Below is what my preview looks like for this part after dragging the slider over to the fine side around a value of 0.35 (notice how much closer the dots are to each other).

If the model only requires modifying mesh on a specific surface, rather than the entire part, this can be achieved by changing selection modes to only select surfaces. To do this, do the same as above and select the surfaces that need a different mesh size, then click edit and drag the slider bar in the Mesh Sizes window.

Anther method can be used to modify the mesh size based upon the geometry is to create Regions. A region is simply a box or volume that surrounds a certain portion of the model. Anything that’s inside of this region will be altered when the mesh size is changed. Objects do not need to fit entirely inside of the region – if only a portion of a part is within the region, only that section will be modified.

The Regions command is found within the meshing tools on the right side of the ribbon.

Once the command is selected, a dialogue box will open to adjust the region being created.
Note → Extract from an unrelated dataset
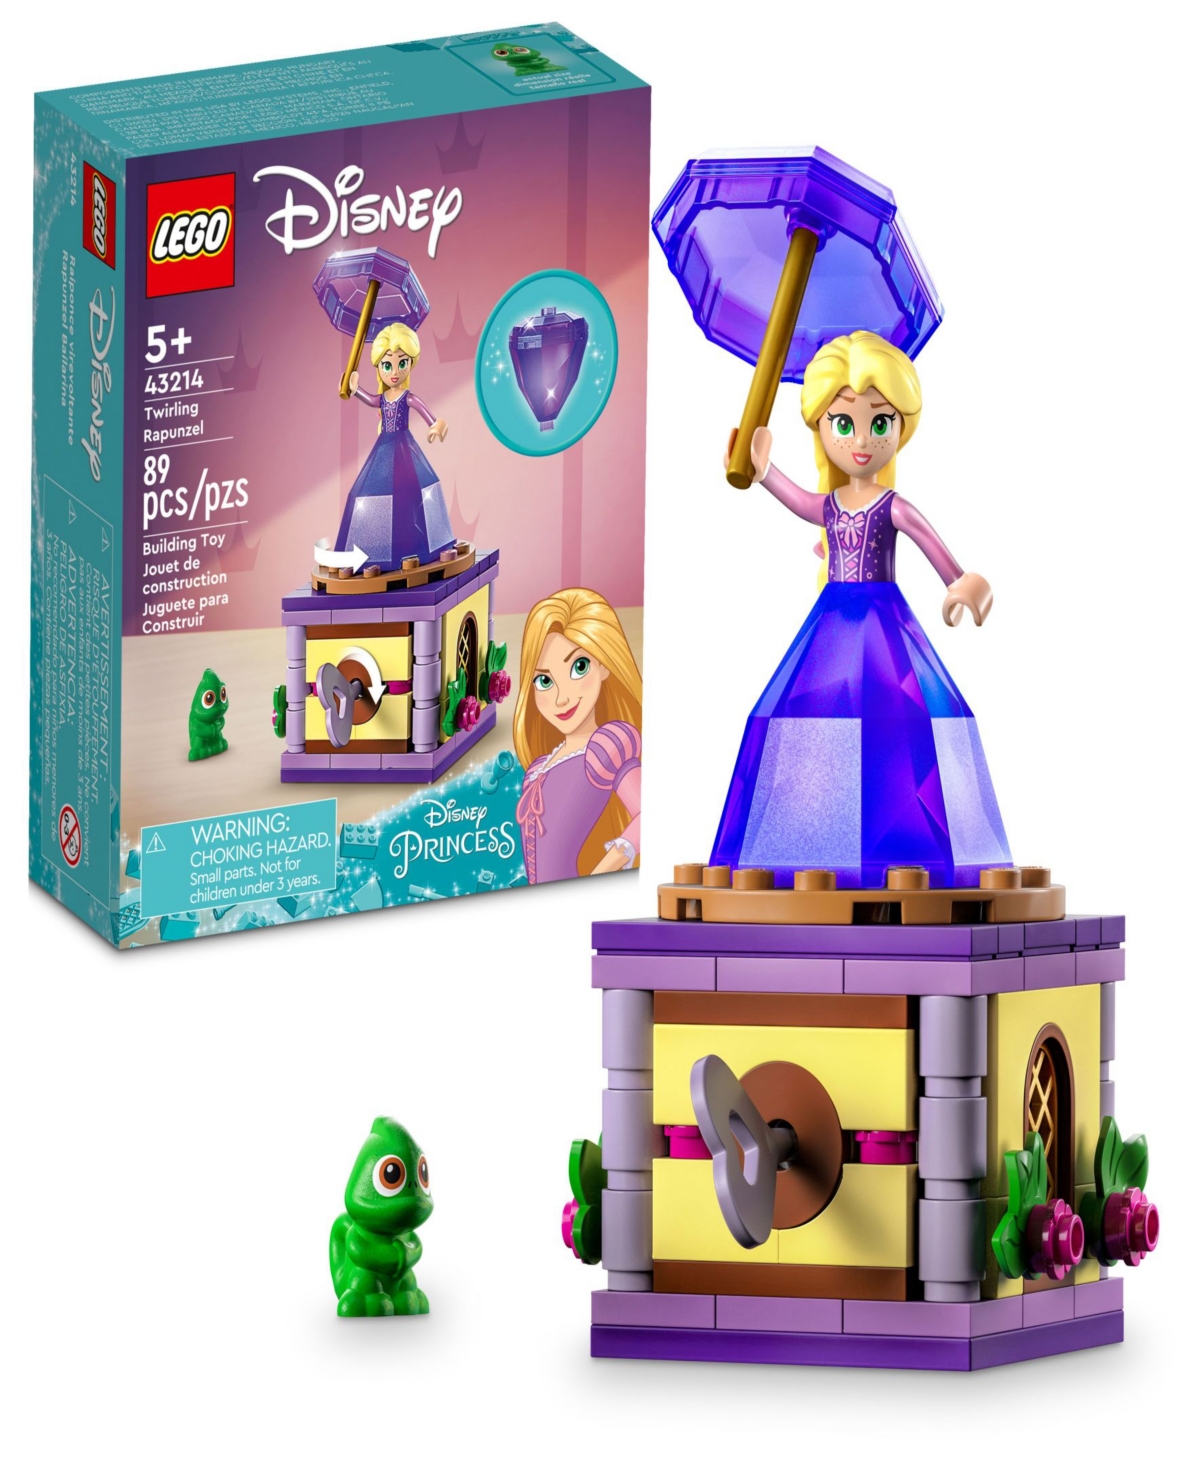 Lego Kids' Disney Princess Twirling Rapunzel 43214 Toy Building Set With Rapunzel And Pascal Figures In Multicolor
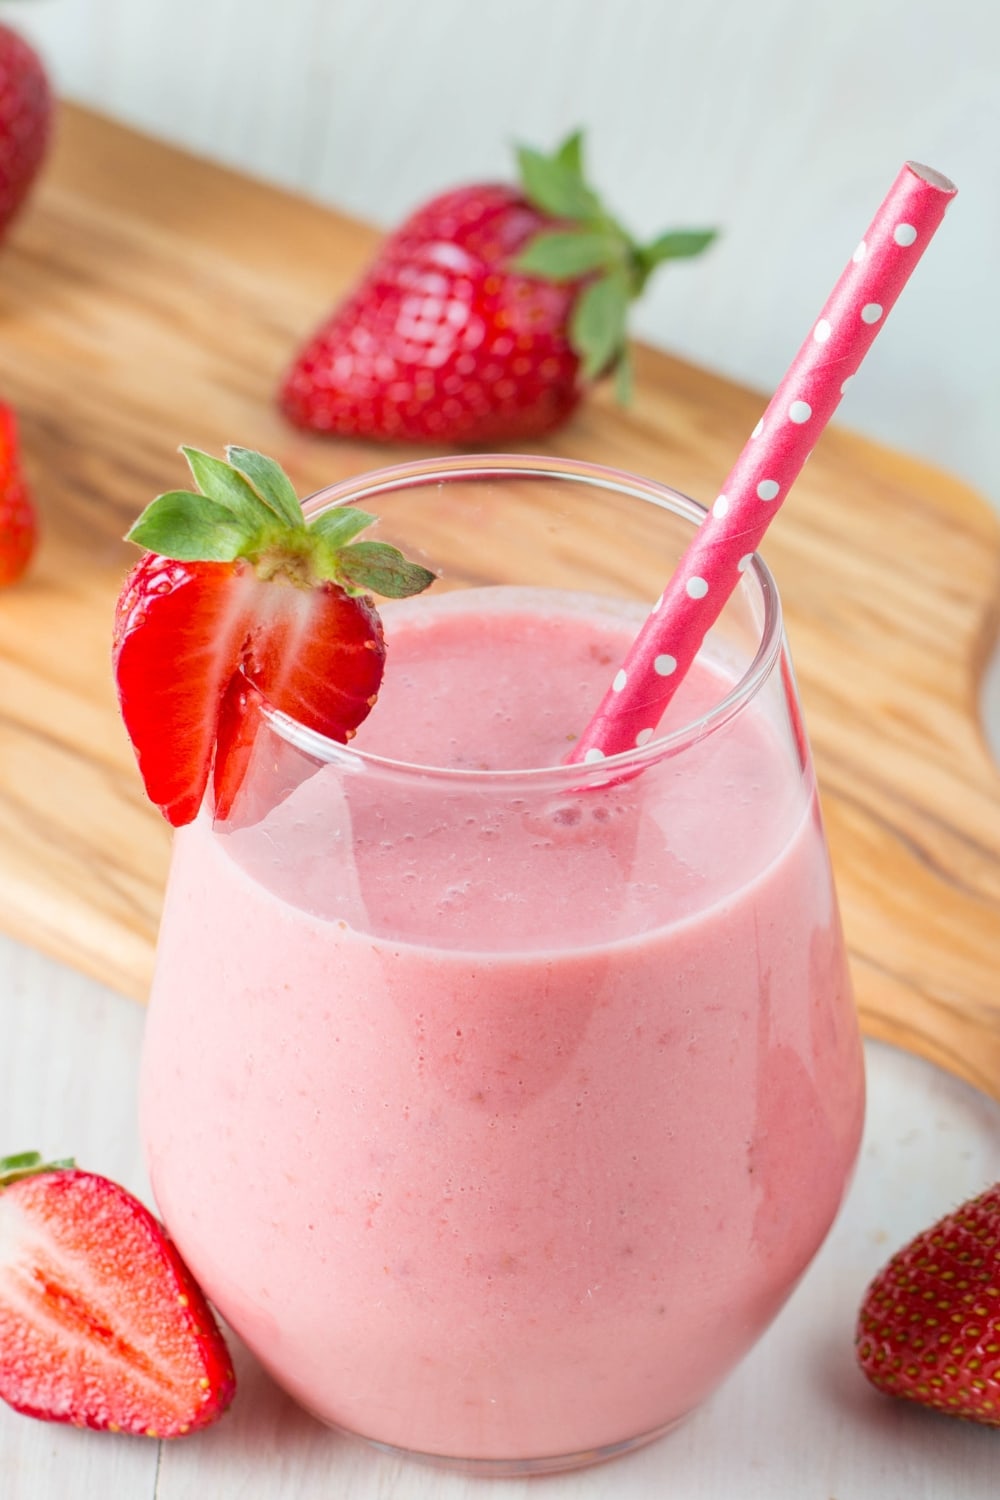 Creamy and Healthy Strawberry Smoothie in a Glass with a Pink Polka Dot Straw and a Sliced Strawberry Garnish with a Cutting Board in the Background and Fresh Strawberries Around

The first thing to do is click the “Add” button to start creating a new region.

Then drag the sides of the region box using the small arrows on each face of the box until the region surrounds the portion of the model that will be modified. Notice below how I’ve adjusted the size of the region to only surround a portion of my model.

The next step is to click the “Get local mesh size” button. This will display the average mesh size within the region in the box. This value can then be adjusted by typing a new value into the box, or by using the slider below this button. Optionally, the “Spread changes” button may be selected, which simply updates the model mesh preview. When the full 3D mesh is produced, Simulation CFD will always perform this action, regardless of whether or not the “Spread changes” button was clicked.

Notice how the region will display an estimated mesh size using black dots to make any changes obvious.

While there are additional, more advanced tools that can be used to modify the meshing behavior, these are the major tools that will be used to make mesh changes on CFD models.

This concludes the series of blog posts on the topic of local mesh controls. We’ve looked at commands inside of Inventor, Simulation Mechanical, and now Simulation CFD. I hope that these posts prove extremely useful as you work with these products.